Wichtig bei den Programmen ist, dass alles möglich ist. Ich arbeite selber mit Sony Vegas, weil es damals das einzige Programm war, dass 10 Videospuren ermöglichte. PowerDirector dagegen beschränkte es damals auf 2. Das macht Texteinblendungen, Übergänge die fließend sein sollen extrem Schwierig.

Ein wichtiger Punkt ist die Frage des Formates. Welches Ausgangsformat liegt denn (meistens) vor? Wenn es primär das Format einer Videokamera ist, gibt es keinerlei Probleme. Schwieriger wird es bei "Internet"-Formaten wie "flv". Damit kann Vegas nichts anfangen, PowerDirector ebenso wenig. Pinnacle kommt damit so weit ich weiß klar.
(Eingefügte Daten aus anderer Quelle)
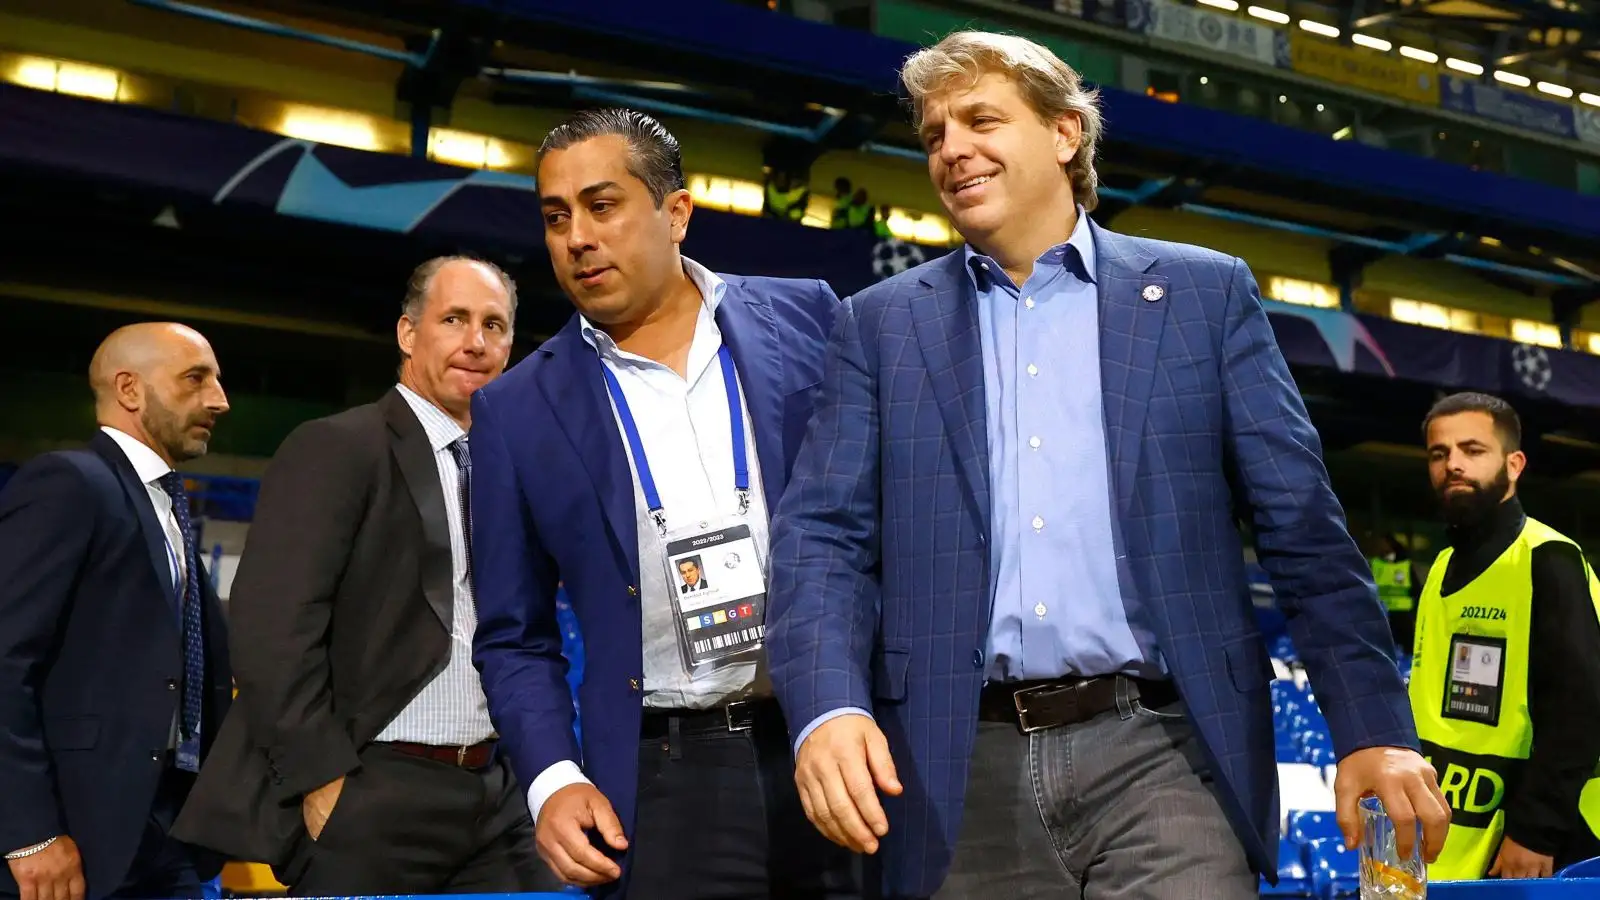 Chelsea co-owners Todd Boehly and Behdad Eghbali

Ein Tipp: Beim Abspeichern immer das bestemögliche Format wählen, irgendwann braucht man es dann doch mal besser und wenn es dann nicht mehr in der Projektdatei existiert, ärgert man sich. Runterrendern geht immer 

http://www.sonycreativesoftware.com/moviestudiohd kostet knappe 35€ und kann HD wie SD. Es gibt dort noch eine für 64€, den Unterschied kann man sich auflisten lassen. Vorteil: Testversion, regelmäßige Updates und alle gängigen Formate lesbar. Zeitraffer sehr gut machbar.

http://de.cyberlink.com/products/powerdirector/

http://www.pinnaclesys.com

http://www.ulead.de/

Meine Favoriten in absteigender Reihenfolge.

Wenn es Fragen gibt, jederzeit losschreiben  
Viele Grüße
Robin
PS.: Bsp-Video, das ich mit SonyVegas geschnitten habe:

[yt]http://www.youtube.com/watch?v=kFJxhyUu7xI&list=PLF1ACD377AEC7E5D4&feature=plcp[/yt]


----------



## Limnos (12. Dez. 2011)

*AW: Video-Bearbeitungsprogramm*

Hi

Vielen Dank für die Ratschläge

Ich habe mich für Pinnacle 15 entschieden.

MfG.
Wolfgang


----------